The Russian Church is a grass-roots phenomenon, its flame
was kept burning by the people. The Government
has recognised this as a fact, just as Stalin had to recognise it during the
German invasion. A cultural Marxist
narrative of religion being a means of control simply will not do as an
intelligent analysis of what the situation is in Russia.
Furthermore, Putin is not having to contrive at remaining in
power – he is very popular because he stood up to the oligarchs and because he,
like the Russian people at large, felt the humiliation of the fall of the Soviet
Union. He is a patriot, for all his faults.
The western media may describe Putin as a kleptocratic
reincarnation of Hitler, but this is almost a back-to-front
misunderstanding. Putin’s mind-set is
defensive not aggressive, I believe. He
wishes to maintain Russia’s status and a sphere of national interest on the
world stage. That need not affect
Western interests. His speech at Munich
in 2007 goes a long way to explain his world view. The expansion of NATO, the stationing of US
missiles on his border and Western intervention in the Ukraine, prior to his
annexation of the Crimea have all created a feeling of encirclement. Russia had
not expected this and initially believed that the end of the Cold War would
mean a partnership of equality between the United States and the Russian
Federation, with mutual respect for their different traditions.

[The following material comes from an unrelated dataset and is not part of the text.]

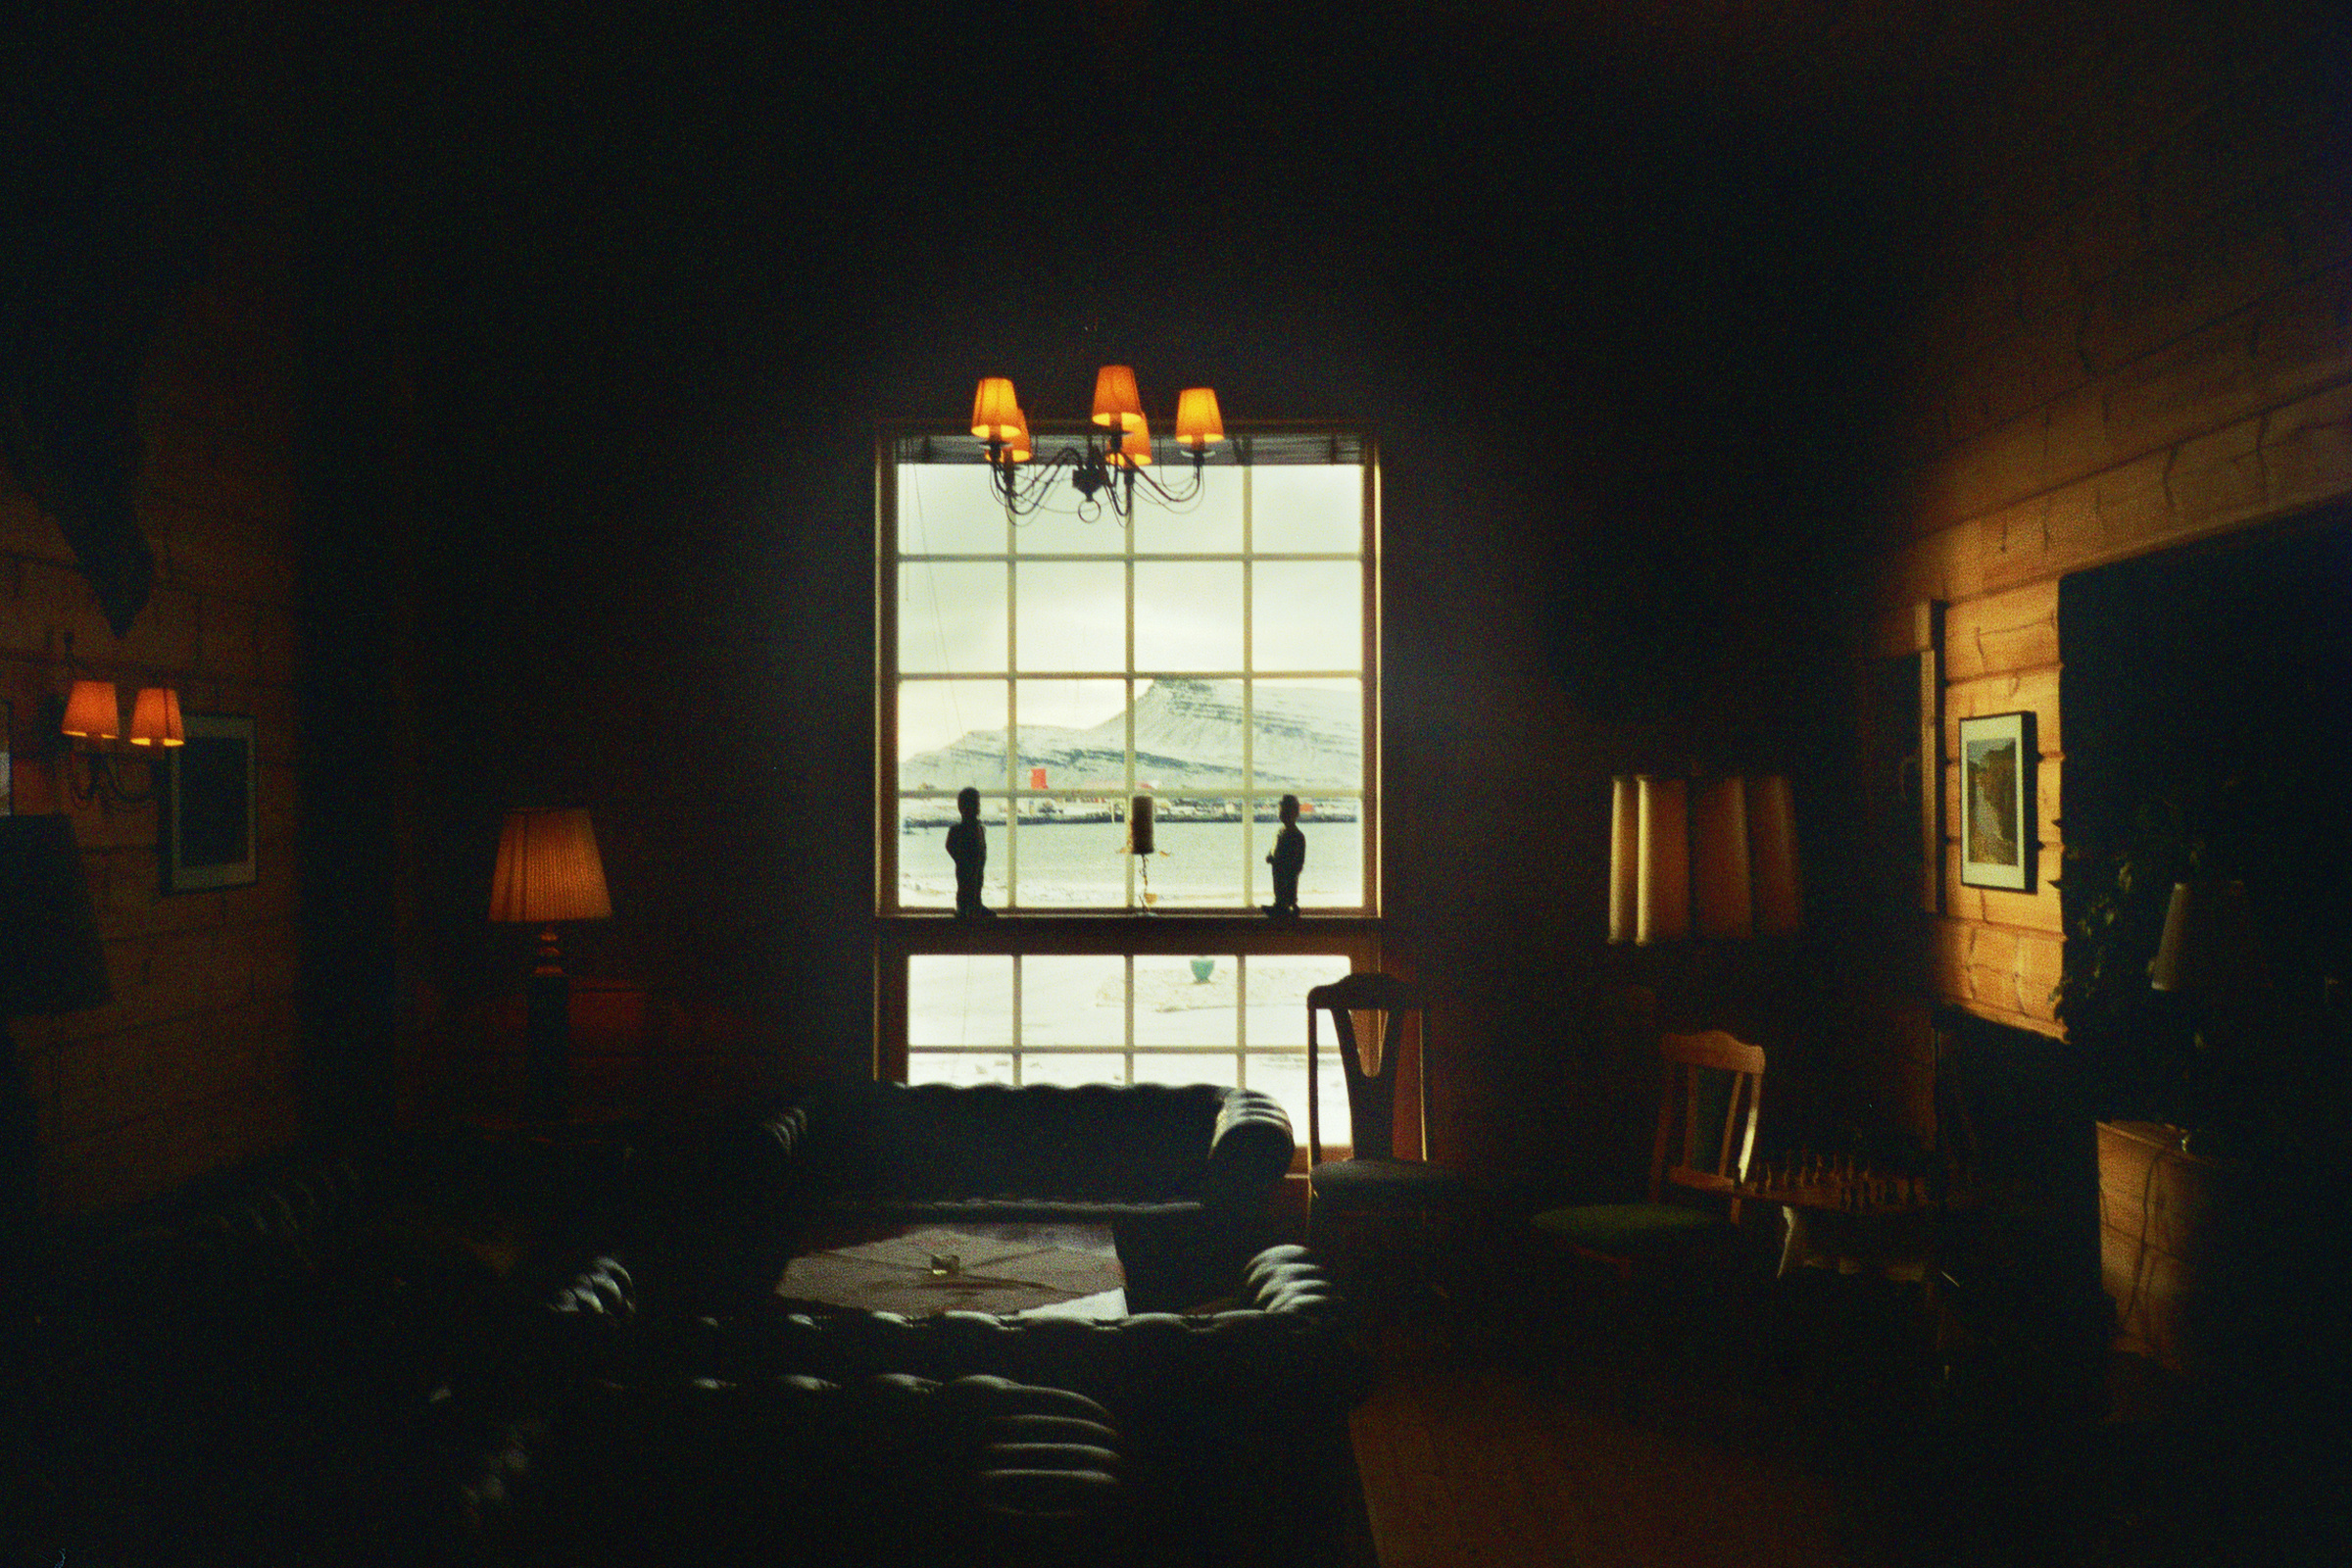 hotel room 2 - iceland

We are rightly proud of our own turning point after another
event in Munich, when we were to go on to stand alone against Hitler. Yet this moment of true pride in our national
valour sometimes misleads us into thinking every international situation is one
of a moral test to resist the temptation of appeasement. Anthony Eden arguably made this mistake over
the Suez Canal.
Russia is changing or going full circle, rediscovering
values and traditions we are on the point of losing. Russia needs to know it is still an equal
player on the world stage and that its own traditions, which are not
liberal-democratic, can be regarded with respect. Let us remember the U.S. started intervening
in Russia’s choice of leader before Russia ever did so in US elections.
For this reason President Trump, in the teeth of opposition
from the Washington establishment and the military-industrial complex, is approaching
Russia in the right way. Friendship and
mutual respect will bring the best out of relations with Russia. Were Russia no longer painted as a pariah state
we might also learn something from how traditional values can resurrect after Marxism. This is a very necessary lesson we could
learn as our own traditions and values, from Christianity to the meaning of gender
are being corroded by unchallenged cultural-Marxists.
So what about Novichok?
Well again it seems that President Trump has it right in an approach
that is both realist and principled. While
the UK is rightly going through the process of a criminal investigation, the
President took a clear stand against Russia with the recall of diplomats, but
he is now adopting the constructive policy of engagement. For unlike National Socialist Germany,
engaging with Christian Russia will undoubtedly lead to benefits for both
civilizations. Engagement should not always be regarded as appeasement.